Methods: Clinical study of cervical SCS with a consecutive inclusion of 25 patients and a mean follow-up time of 22 months. Patients provided data on pain using the visual analogue scale (VAS), quality of life, function and pain medication. Furthermore technical details like type of used electrodes, electrode placement site, number of device-related surgical revisions and adverse events were assessed.
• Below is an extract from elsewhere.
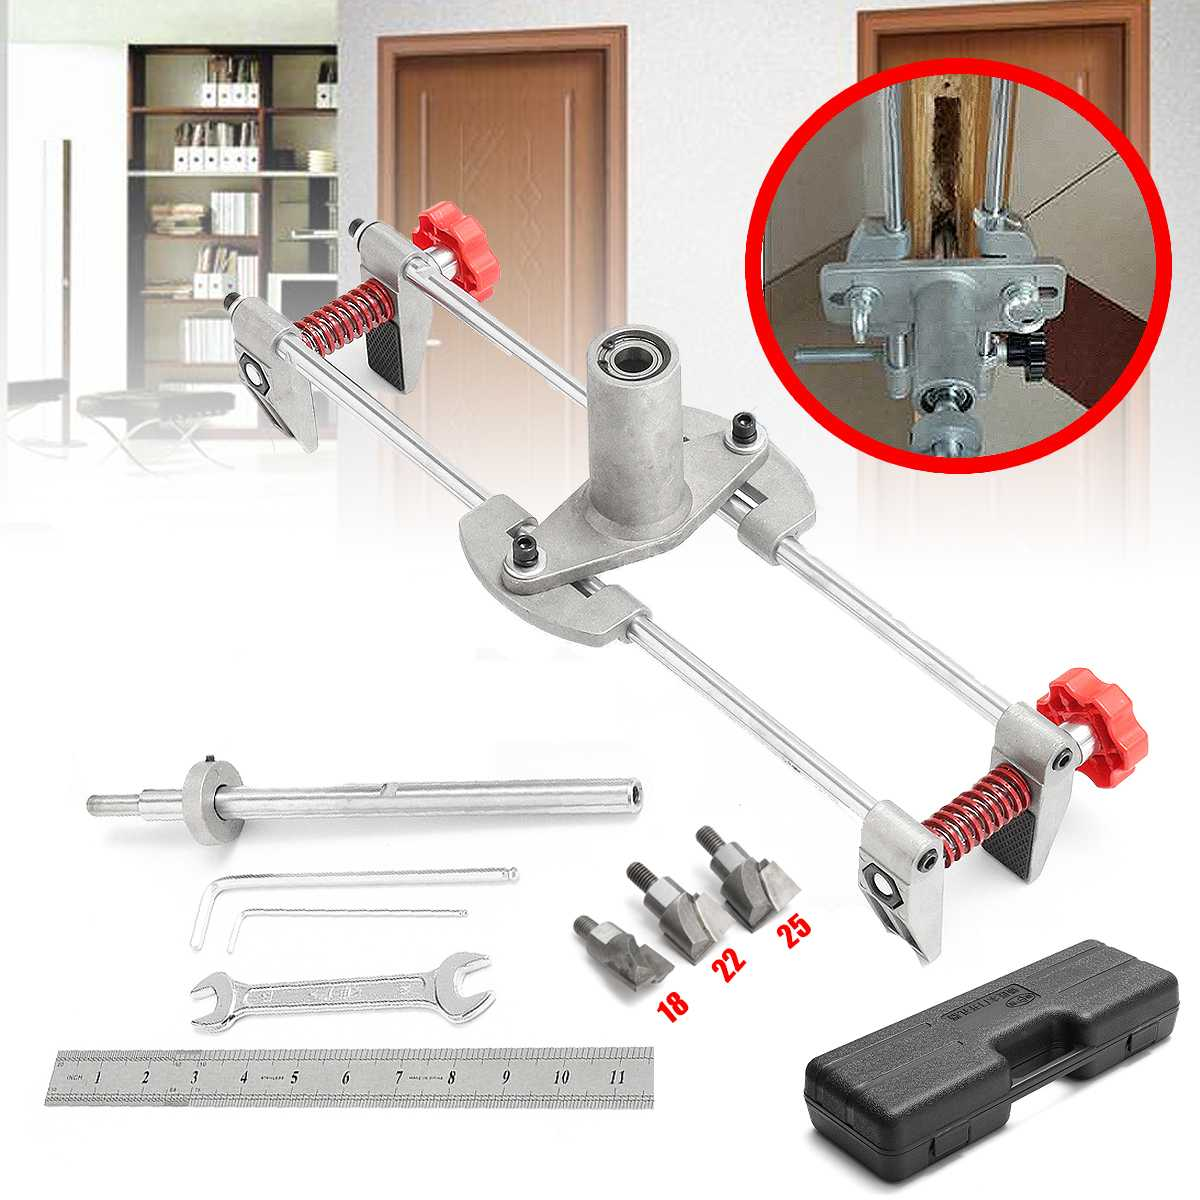 DBB Lock Jig Pcs Door Case With 8 JIG1 Mortiser Security Cutters 3 Kit Mortice Lock Maintenance Tool Door Mortice Key Fitting
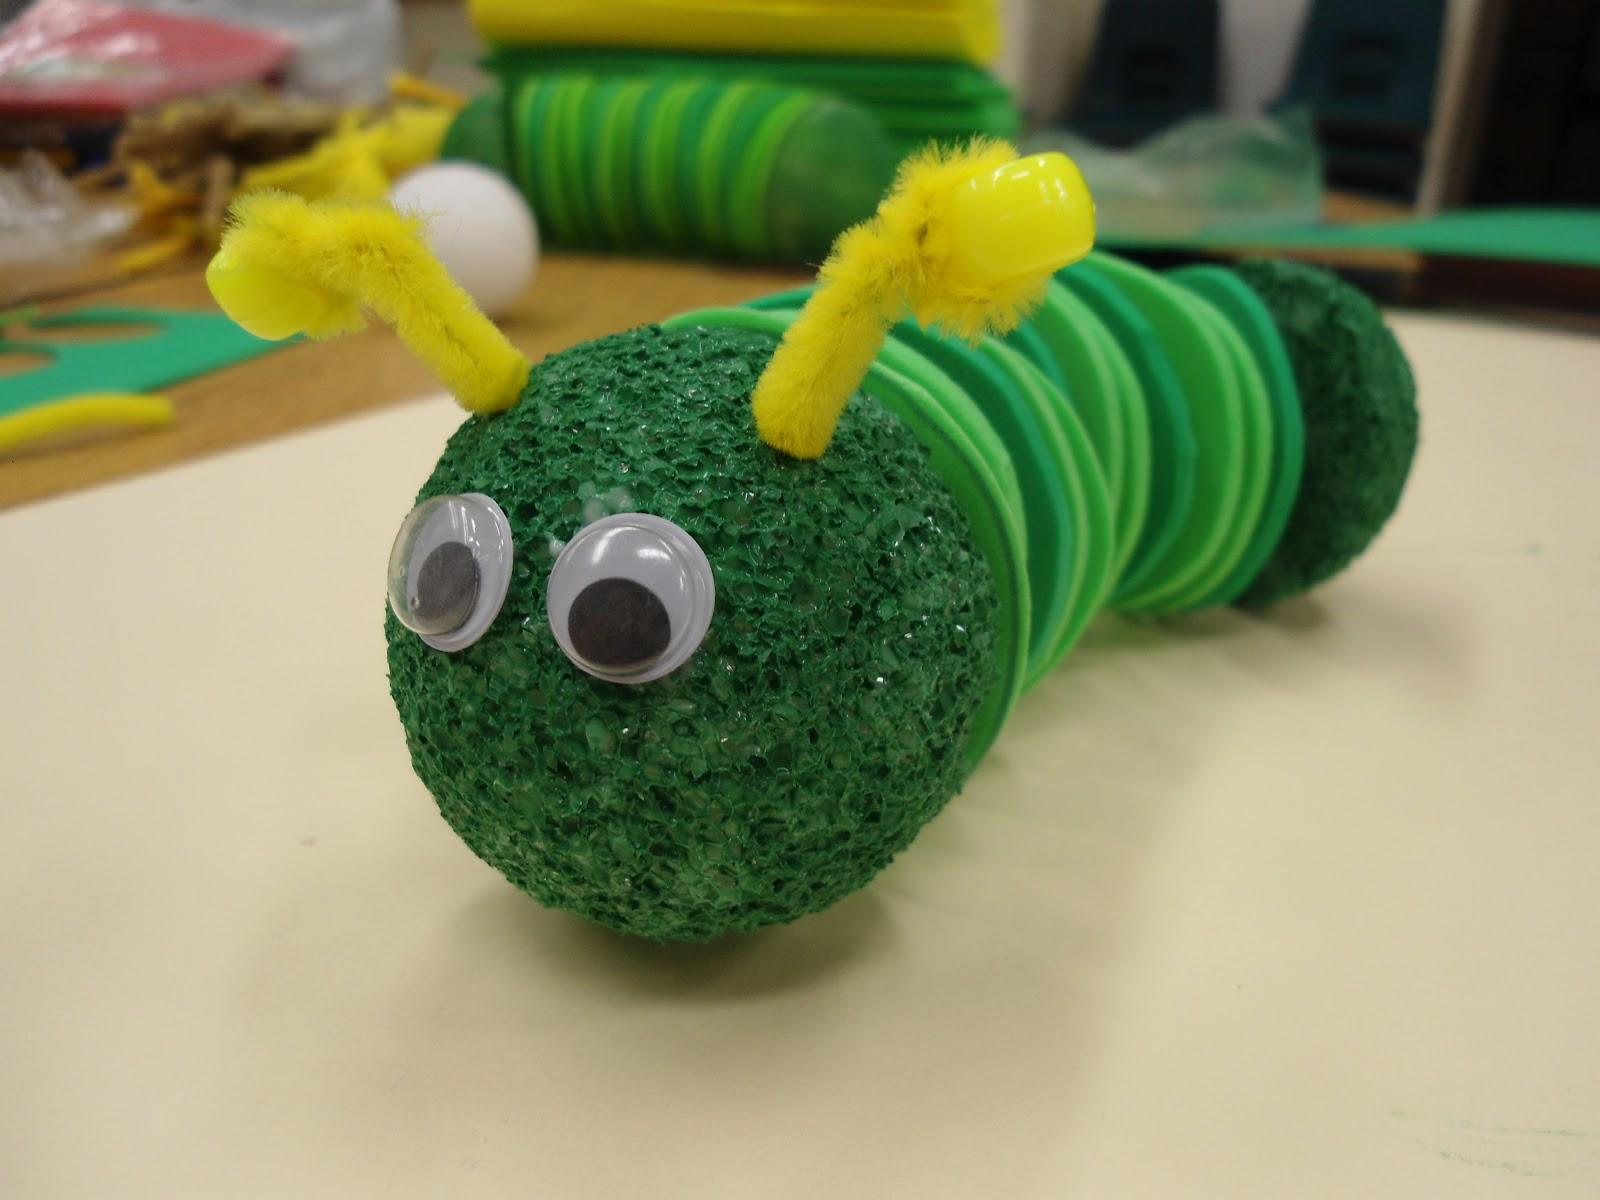 miss minor 39 s munchkins caterpillar craft. Black Bedroom Furniture Sets. Home Design Ideas

Results: 30 patients were tested for cSCS and 25 received permanent devices. The mean age of the 11 men and 14 women in the study was 54.1 years. Average VAS pain score for all patients was 8.4 at baseline 4.6 at 22 months after implantation. Up to now 23 patients continue to experience significant pain relief. 2 systems had to be explanted due to complete reduction of effectiveness and 1 patient received an additional implanted intrathecal infusion pump. 4 displacements of stab electrodes needed surgical revisions and were replaced by plate electrodes. There was no hardware malfunction and only 1 superficial wound infection. The successful patients reported improvements in daily living as well as a decrease in analgesic usage with a significant decrease in opiate consumption.

Conclusions: Up until now there is nearly no literature on the outcome of cervical SCS in the treatment of cervical radicular or diffuse neuropathic pain. This study demonstrated the safety and efficacy of cSCS in 25 well-selected patients with an average reduction of pain from VAS 8.4 to 4.6 and only 4 device-related minor surgical revisions.